On the Use of Double Sampling Method in Analysing Internally Generated Revenue: A Case Study of Olabisi Onabanjo University
DOI:
https://doi.org/10.46881/ajsn.v2i1.28Keywords:
Double Sampling, Estimation, Internally Generated Revenue, Olabisi Onabanjo UniversityAbstract
Funding Nigerian Government owned Institutions has been the responsibility of the Government. Federal institutions have been enjoying the ease flow of cash from the Federal Government. However, State-owned Government Institutions like Olabisi Onabanjo University, as revealed in THE NATION newspaper, has been faced with under-funding from her host Government, hence, calling for creativity for this institution to create or increase the Internally Generated Revenue (IGR).

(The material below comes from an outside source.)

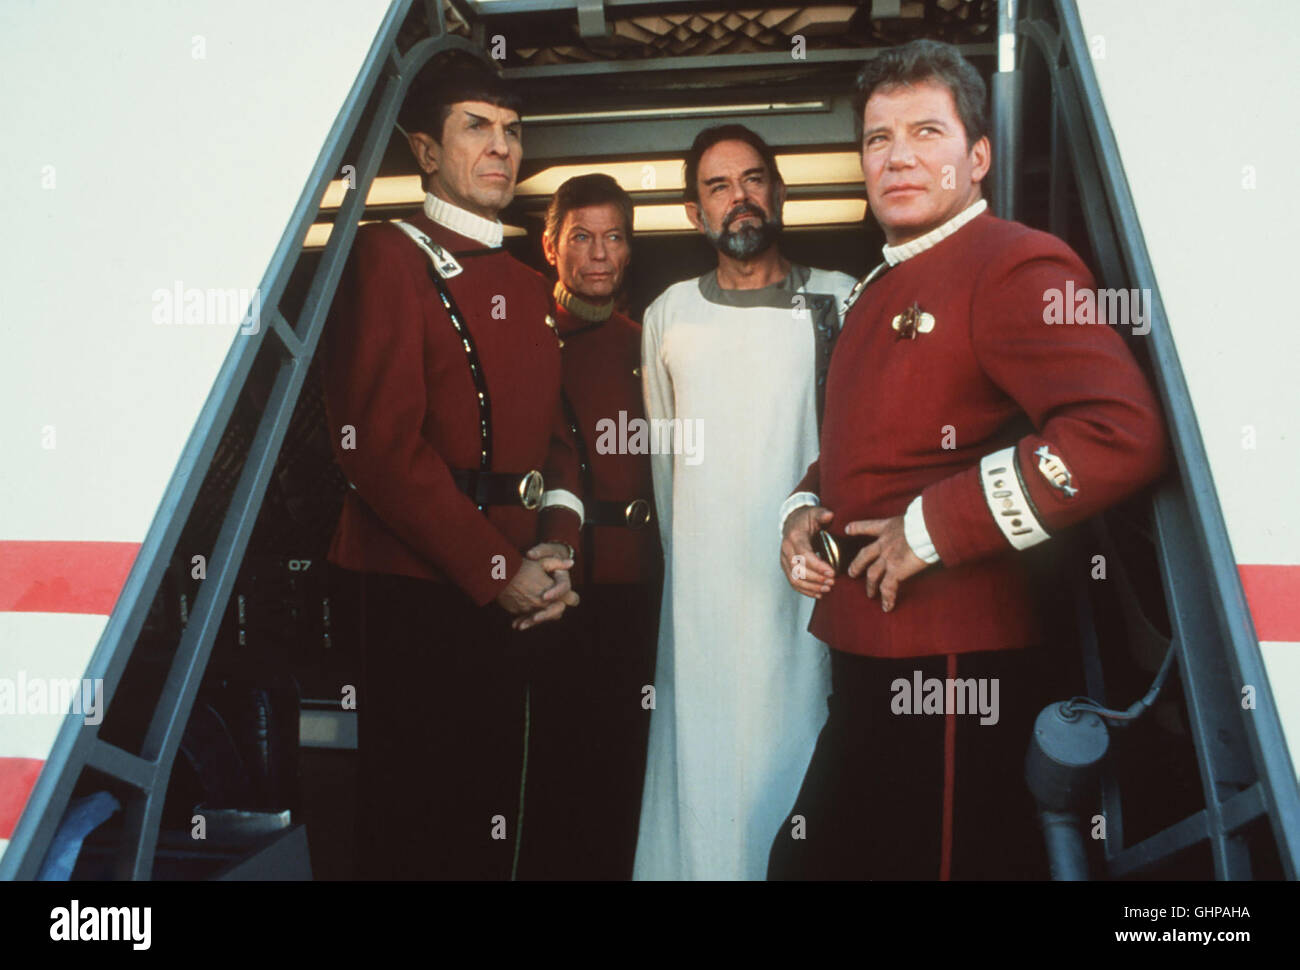 Star Trek V - Am rande des universums Die Enterprise wird mitsamt ihrer Mannschaft von dem vulkanischen Herrscher Sybok gekapert und begibt sich auf die Suche nach Gott... Foto vlnr.: Mr. Spock (LEONARD NIMOY), Dr. McCoy (DEFOREST KELLEY), Sybok (LAURENCE LUCKINBILL), Captain Kirk (WILLIAM SHATNER). Regie: William Shatner aka. Star Trek V - The Final Frontier Stock Photo

Taking Olabisi Onabanjo University as a case study, this research used a Double Sampling for Regression Statistical Sampling with estimation method to estimate approximate total amount of eight hundred and sixty nine million naira (N869 Million) that the can generate annually from six proposed businesses with reference to the undergraduate population. These six businesses have the following estimate, percentage of contribution to IGR and the corresponding percentage coefficient of variation: Students’ Accommodation (N265 Million: 30.5%: 4.24%),Female Hair do and Male Hair cut (N172 Million: 19.77%: 12.21%), Egg Sales (N64 Million: 7.42%: 5.81%), Fruit Juice (N112 million: 12.90%: 8.56%), Customised Exercise Book (N36 million: 4.15%: 15.69%) and Bread Production (N220 million: 25.2%: 7.77%). It was recommended that Nigerian Institutions should endeavour to do these businesses. Similarly, there is need for Nigerian Institutions to establish the IGR directorate that will be delegated with the objectives on how to strategise on boosting, running and maintaining IGR activities for the institution in the most aggressive and profitable ways.